This documentation does not apply to the most recent version of Splunk.
This documentation applies to the following versions of Splunk: 3.0 , 3.0.1 , 3.0.2 , 3.1 , 3.1.1 , 3.1.2 , 3.1.3 , 3.1.4
Many event logs have a strict one-line-per-event format, but some do not. Usually, Splunk can figure out where event boundaries are automatically. However, if event boundary recognition is not working as desired, you can set custom rules by configuring props.conf.
To configure multi-line events, examine the format of the events. Determine a pattern in the events that can be used to set as the start or end of an event. Then, edit $SPLUNK_HOME/etc/bundles/local/props.conf, and set the necessary attributes for your data handling.
[<spec>]
SHOULD_LINEMERGE = <bool> (True)
* When set to true splunk can combine several input lines into a single
event, based on the following configuration attributes.
AUTO_LINEMERGE = <bool> (True)
* Directs splunk to use automatic learning methods to determine
where to break a stream of lines into events.
BREAK_ONLY_BEFORE_DATE = <bool> (False)
* When set, splunk will create a new event if and only if it encounters
a new line with a date.
BREAK_ONLY_BEFORE = <regular expression> (Empty)
* When set, splunk will create a new event if and only if it encounters
a new line that matches the regular expression
MUST_BREAK_AFTER = <regular expression> (Empty)
* When set, and the regular expression matches the current line,
splunk is guaranteed to create a new event for the next input line.
Splunk may still break before the current line if another rule matches.
MUST_NOT_BREAK_AFTER = <regular expression> (Empty)
* When set and the current line matches the regular expression, splunk will
not break on any subsequent lines until the MUST_BREAK_AFTER expression
matches.
MAX_EVENTS = <integer> (256)
* Specifies the maximum number of input lines that will be added to any
event. Splunk will break after the specified number of lines are read.
[my_custom_sourcetype] BREAK_ONLY_BEFORE = ^\d+\s*$
This example instructs Splunk to divide events in a file or stream by presuming any line that consists of all digits is the start of a new event, for any source whose source type was configured or determined by Splunk to be sourcetype::my_custom_sourcetype .
Another example:
The following log event contains several lines that are part of the same request. The differentiator between requests is "Path". The customer would like all these lines shown as one event entry.

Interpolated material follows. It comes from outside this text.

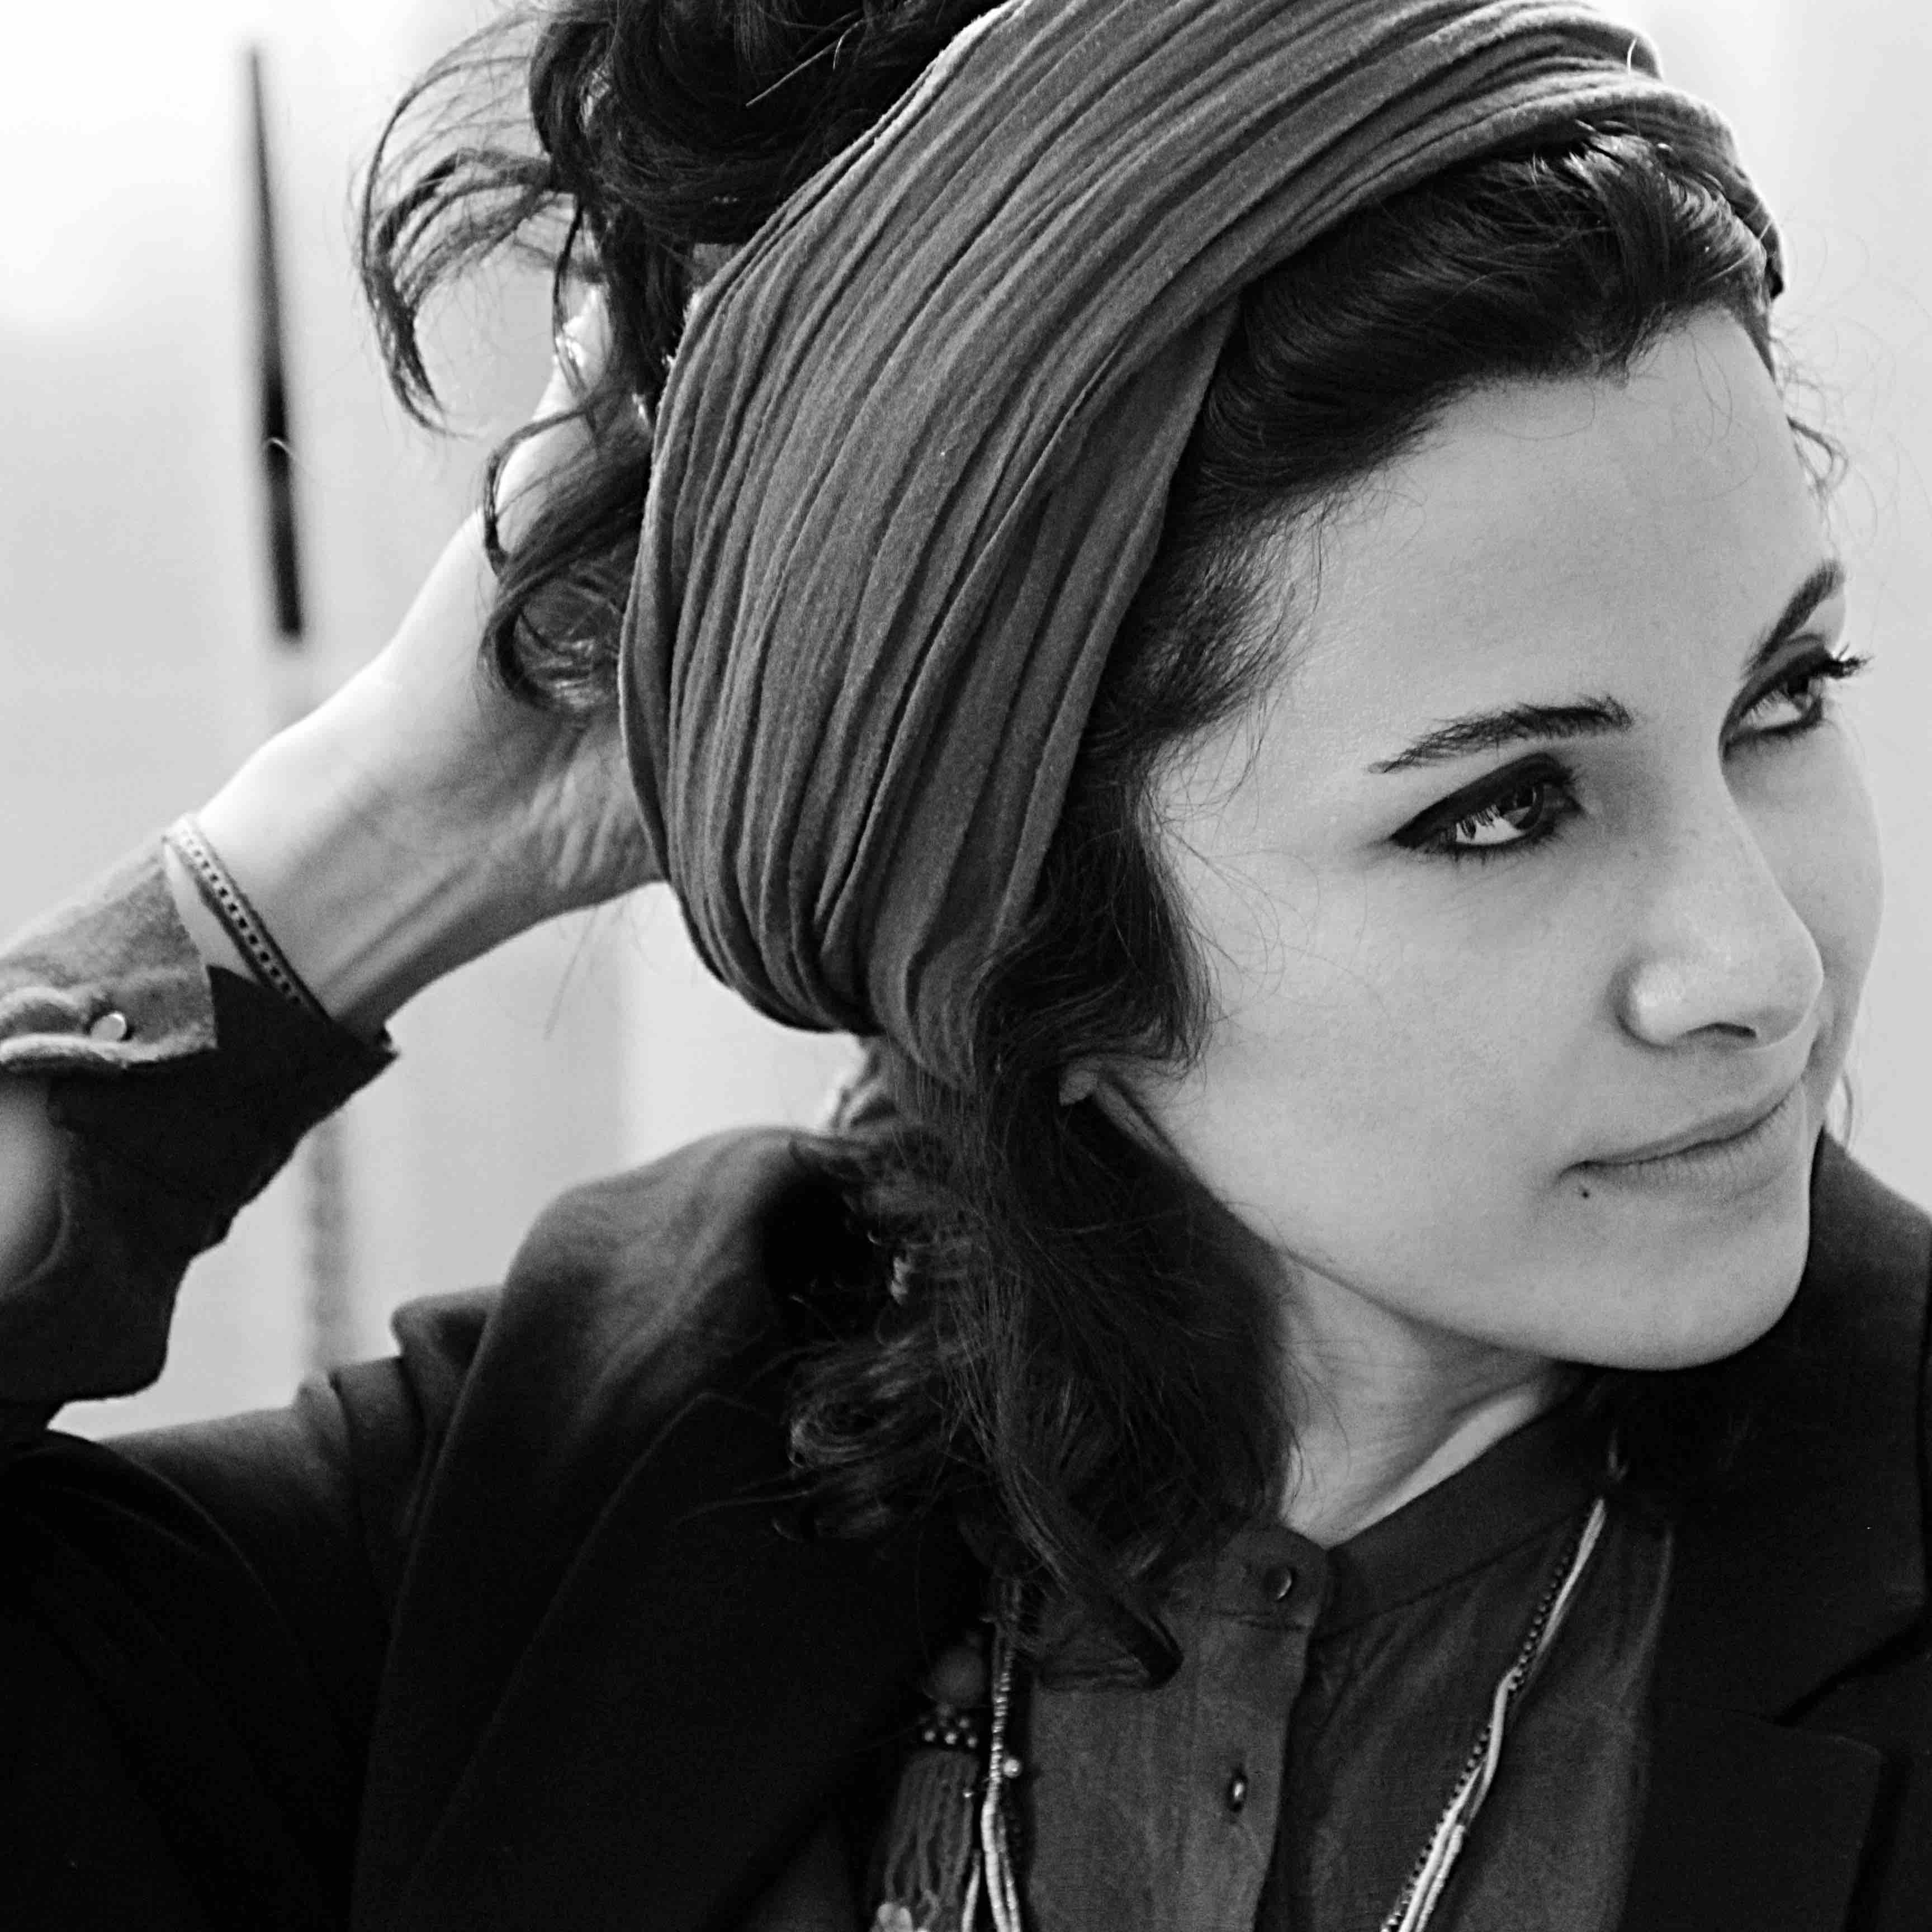 Director - Farnoosh Samadi - The Role
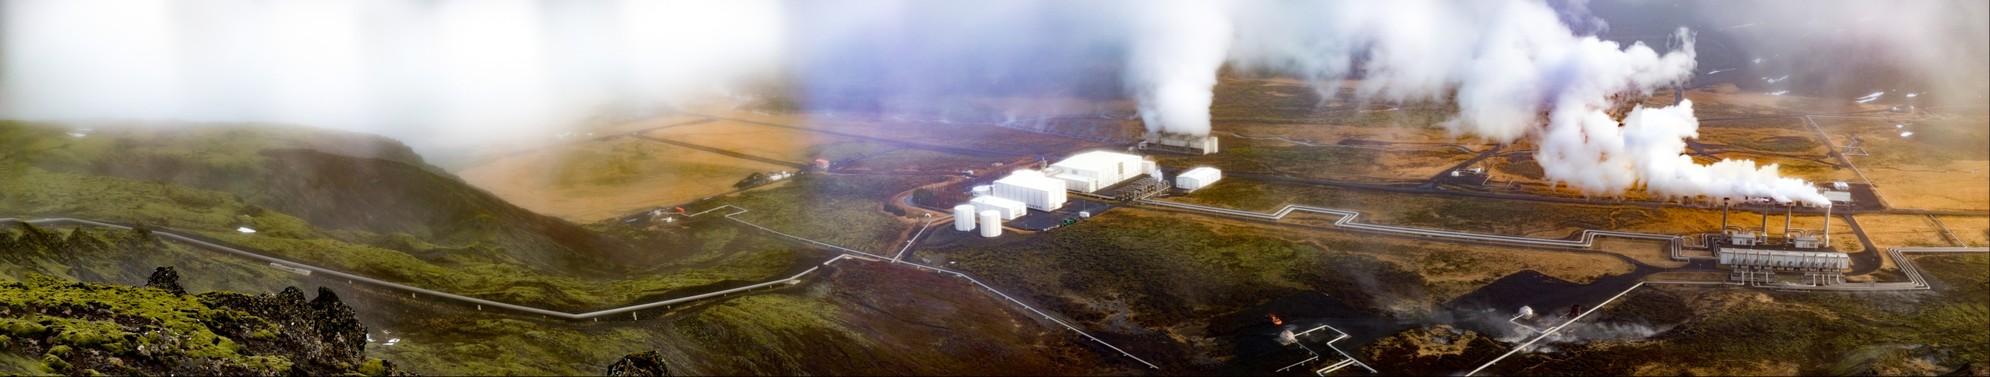 Iceland - Feb 2017 - Panorama 20

{{"2006-09-21, 02:57:11.58", 122, 11, "Path=/LoginUser Query=CrmId=ClientABC&ContentItemId=TotalAccess&SessionId=3A1785URH117BEA&Ticket=646A1DA4STF896EE&SessionTime=25368&ReturnUrl=http://www.clientabc.com, Method=GET, IP=209.51.249.195, Content=", ""}}
{{"2006-09-21, 02:57:11.60", 122, 15, "UserData:<User CrmId="clientabc" UserId="p12345678"><EntitlementList></EntitlementList></User>", ""}}
{{"2006-09-21, 02:57:11.60", 122, 15, "New Cookie: SessionId=3A1785URH117BEA&Ticket=646A1DA4STF896EE&CrmId=clientabc&UserId=p12345678&AccountId=&AgentHost=man&AgentId=man, MANUser: Version=1&Name=&Debit=&Credit=&AccessTime=&BillDay=&Status=&Language=&Country=&Email=&EmailNotify=&Pin=&PinPayment=&PinAmount=&PinPG=&PinPGRate=&PinMenu=&", ""}}
To index this multiple line event properly, use the Path differentiator in your configuration. Add the following to your $SPLUNK_HOME/etc/bundles/local/props.conf:
[source::source-to-break] SHOULD_LINEMERGE = True BREAK_ONLY_BEFORE = Path=
This code tells Splunk to merge the lines of the event, and only break before the term Path=.